Vieles bleibt dabei gleich. Vor allem, wenn es um Personal und Zuschnitte geht. Bei der SPD bleibt Malu Dreyer sicher Ministerpräsidentin, Roger Lewentz Innenminister, Doris Ahnen Finanzministerin, Sabine Bätzing-Lichtenthäler Gesundheitsministerin und Stefanie Hubig wohl auch Bildungsministerin. Nur der blasse Wissenschaftsminister Konrad Wolf wackelt. Bei der FDP dürfte Herbert Mertin weiter das Justizministerium anführen.

Und sonst? Ein neues Superministerium dürfen die Grünen für sich beanspruchen, das Anne Spiegel leitet. Neben Energie bekommen die Grünen dabei ein Stück vom Verkehr, genauer: den öffentlichen Nahverkehr. Straßenbau, pikanterweise inklusive der Radwege, könnten demnach im Wirtschaftsministerium bleiben. Führen soll das als Nachfolgerin von Volker Wissing Daniela Schmitt. Der Vorteil einer solchen Lösung: Die FDP könnte Prestigeprojekte wie den A1-Lückenschluss weiter bewerben und Straßenbändchen durchschneiden, wofür die Grünen gar nicht erst die Schere in die Hand nehmen wollen.

Als Staatssekretärin könnte Katrin Eder in das grüne Ministerium rücken, derzeit Verkehrsdezernentin von Mainz, nachdem sie zuvor von einigen Medien gar als Ministerin gehandelt wurde. Nicht ohne Reibungspotenzial: Sie gilt als ausgemachte Kritikerin des ÖPNV-Gesetzes, das die FDP angestoßen hat. Vorantreiben könnten die Grünen in dem Ministerium den Ausbau erneuerbarer Energien wie Windräder. Nach Informationen der „Rheinpfalz“ haben sich die Ampelkoalitionäre geeinigt, Windräder zumindest in vorbelasteten Waldgebieten des Pfälzer Waldes zu erlauben. Im Naturreservat würde das beispielsweise in der Nähe von Autobahnen gelten.

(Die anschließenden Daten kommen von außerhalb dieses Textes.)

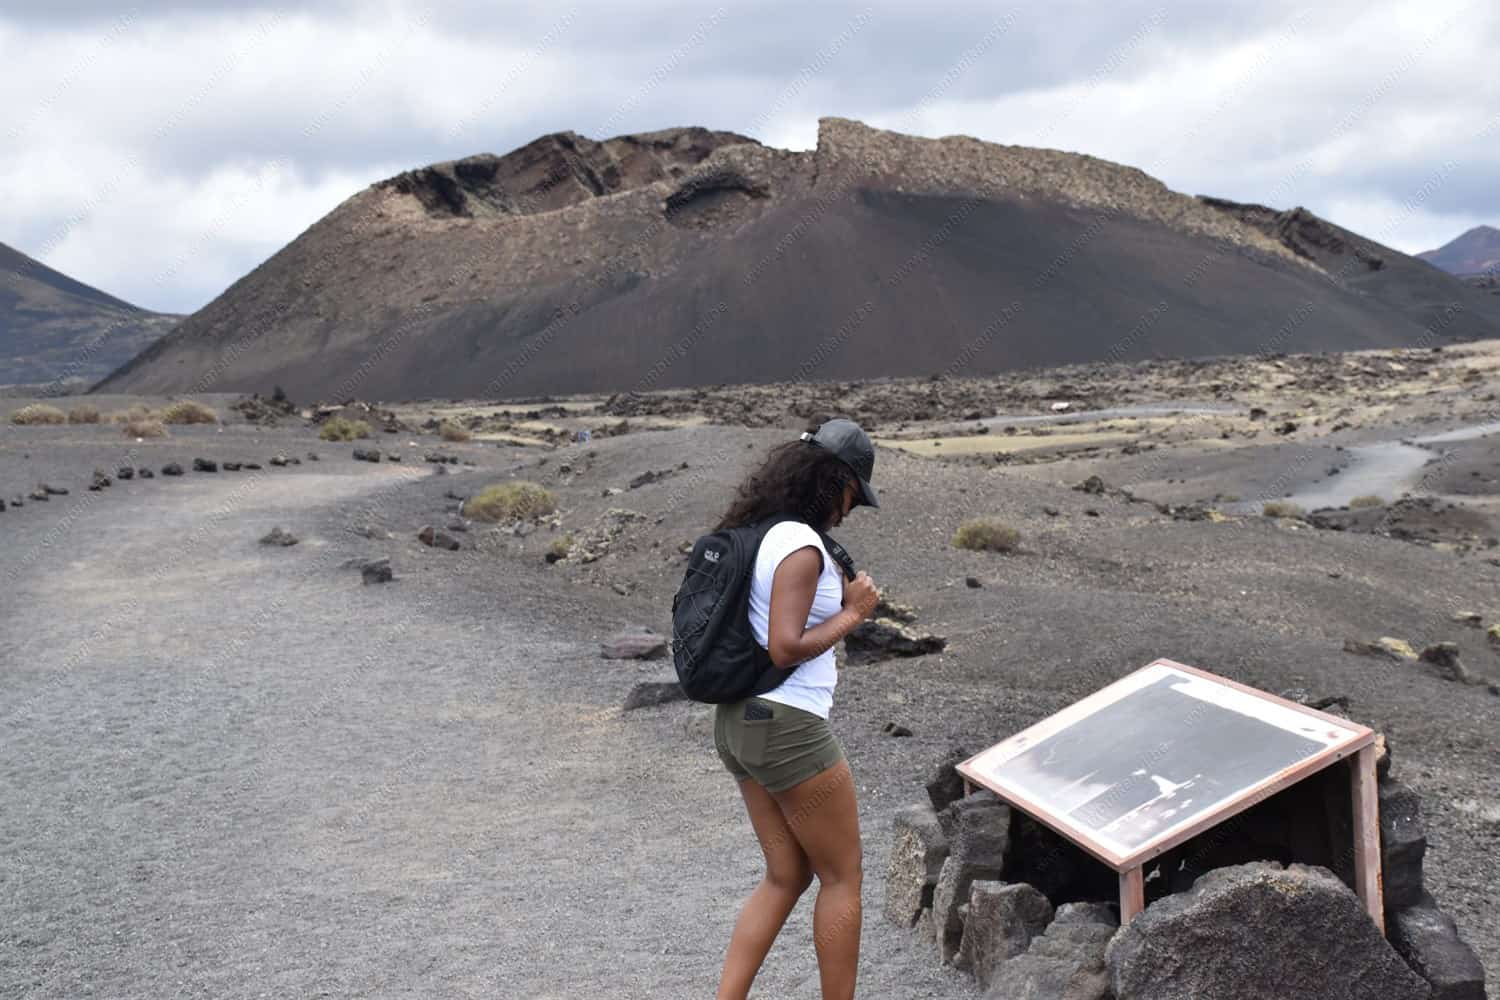 You are currently viewing Hiking at the Volcan el Cuervo, Lanzarote

Im Umkehrschluss sollen Wälder einen besonderen Schutz bekommen, in denen es mindestens 100 Jahre alte Baumbestände gibt. Unklar blieb bis zuletzt, ob die Solarpflicht auf Dächern von Neubauten kommt.

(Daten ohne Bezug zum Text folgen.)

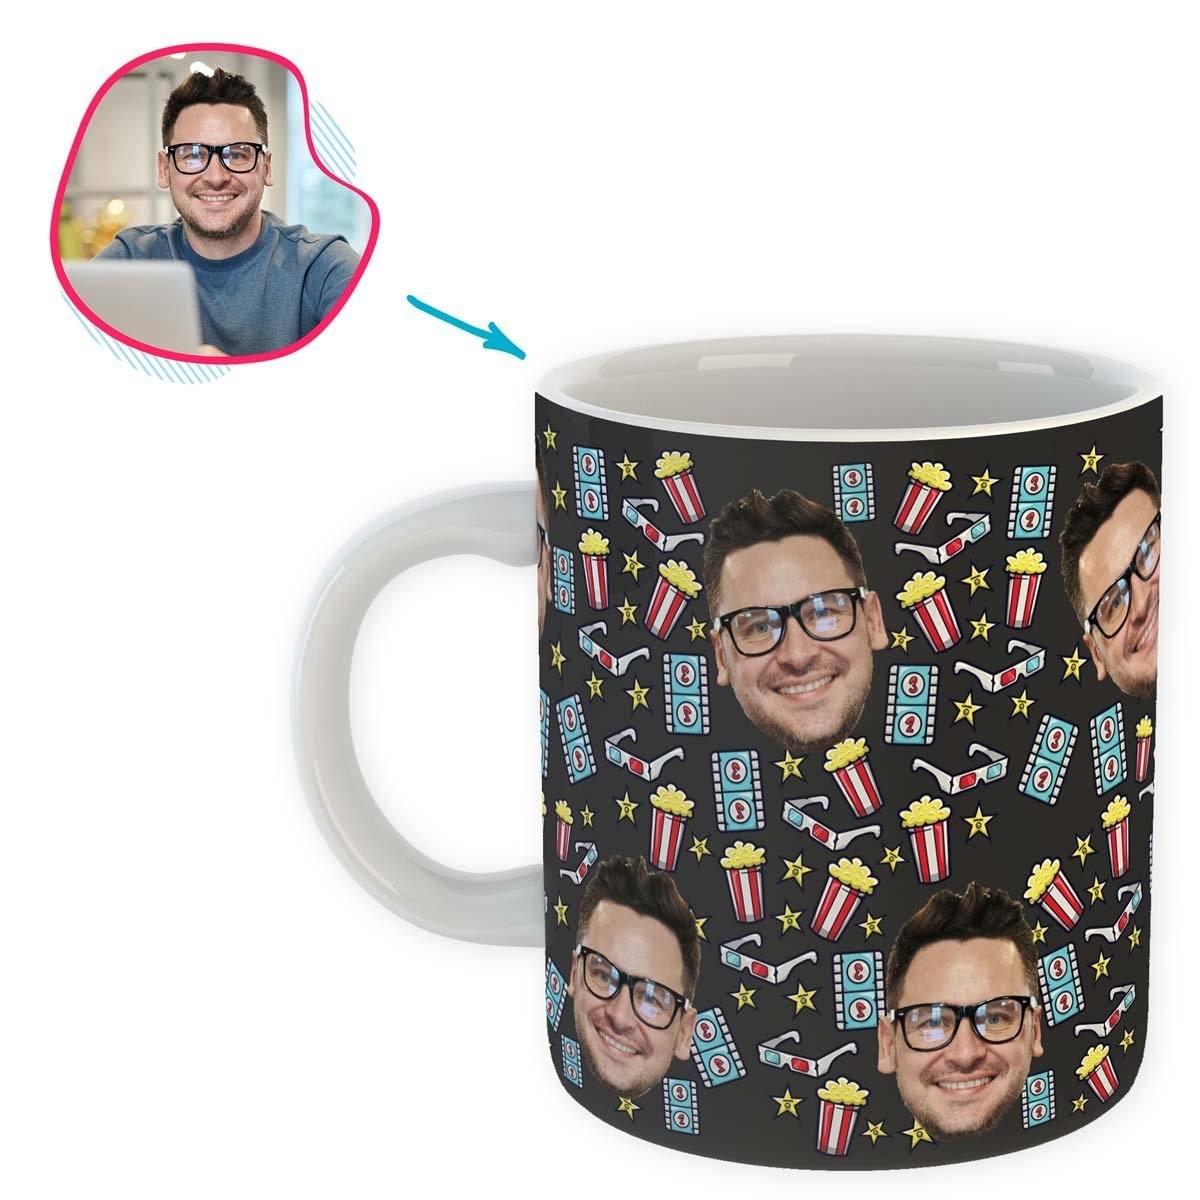 dark Movie mug personalized with photo of face printed on it

Das zweite grüne Ministerium, das Integration, Frauen, Familien und Jugend unter einem Dach vereint, behalten die Grünen wohl. Sonderlich geliebt ist es in der Partei nicht, weil wenig Geld drin steckt, das großes Gestalten ermöglicht und Abschiebungen stets ein Reizthema für die grünen Vorfeldorganisationen bleiben. So pochte die FDP auf sehr konsequente Rückführungen. Die Verhandlungen mussten mehrfach unterbrochen werden.

Anführen könnte das Ministerium die Mainzer Landtagsabgeordnete Katharina Binz, die das erste grüne Direktmandat in der rheinland-pfälzischen Geschichte einheimsen konnte. Ex-Grünen-Spitzenkandidat Daniel Köbler würde dann als Abgeordneter nachrücken, der Absturz in die politische Bedeutungslosigkeit bliebe ihm erspart. Ebenfalls gehandelt als Ministerin wird Pia Schellhammer. Für Binz spricht neben dem offensichtlichen Erfolg beim Wähler auch ihre inhaltliche Stärke. Vor ihrer Babypause wirkte sie in jeder Sitzung des Integrationsausschusses – auf dem Höhepunkt der Flüchtlingsdebatte – perfekt vorbereitet. So stützte sie die damals strauchelnde Ministerin Spiegel und ermöglichte deren Aufstieg überhaupt.

Kernthema der kommenden Legislaturperiode sollte – darin waren sich die Koalitionäre rasch einig – die Digitalisierung werden. Früh machten Gerüchte von einem „Digitalstaatssekretär“ die Runde. Mister Breitband könnte Randolf Stich werden. Der Innenstaatssekretär war  schon in den vergangenen Jahren für den Glasfaserausbau zuständig.

An einem Haus basteln die Genossen noch: dem Wissenschaftsministerium. Minister Wolf konnte politisch kaum positive Akzente setzen. Die Hochschulreform wurde zu einem Dauerzankapfel. Einmal pro Jahr durfte das Haus die defizitären Finanzen der Unimedizin in Mainz rechtfertigten. An Impulsen fehlte es. Ausgerechnet der mächtige Fraktionschef Alexander Schweitzer scheint es sich zur persönlichen Agenda gemacht zu haben, dies zu ändern. Der Pfälzer verhandelte die Bereiche Wissenschaft und Wirtschaft, soll den Bereich Innovation und Wissenstransfer im Haus ansiedeln wollen. Damit würde aus dem Hochschulverwaltungshaus ein Zukunftsministerium.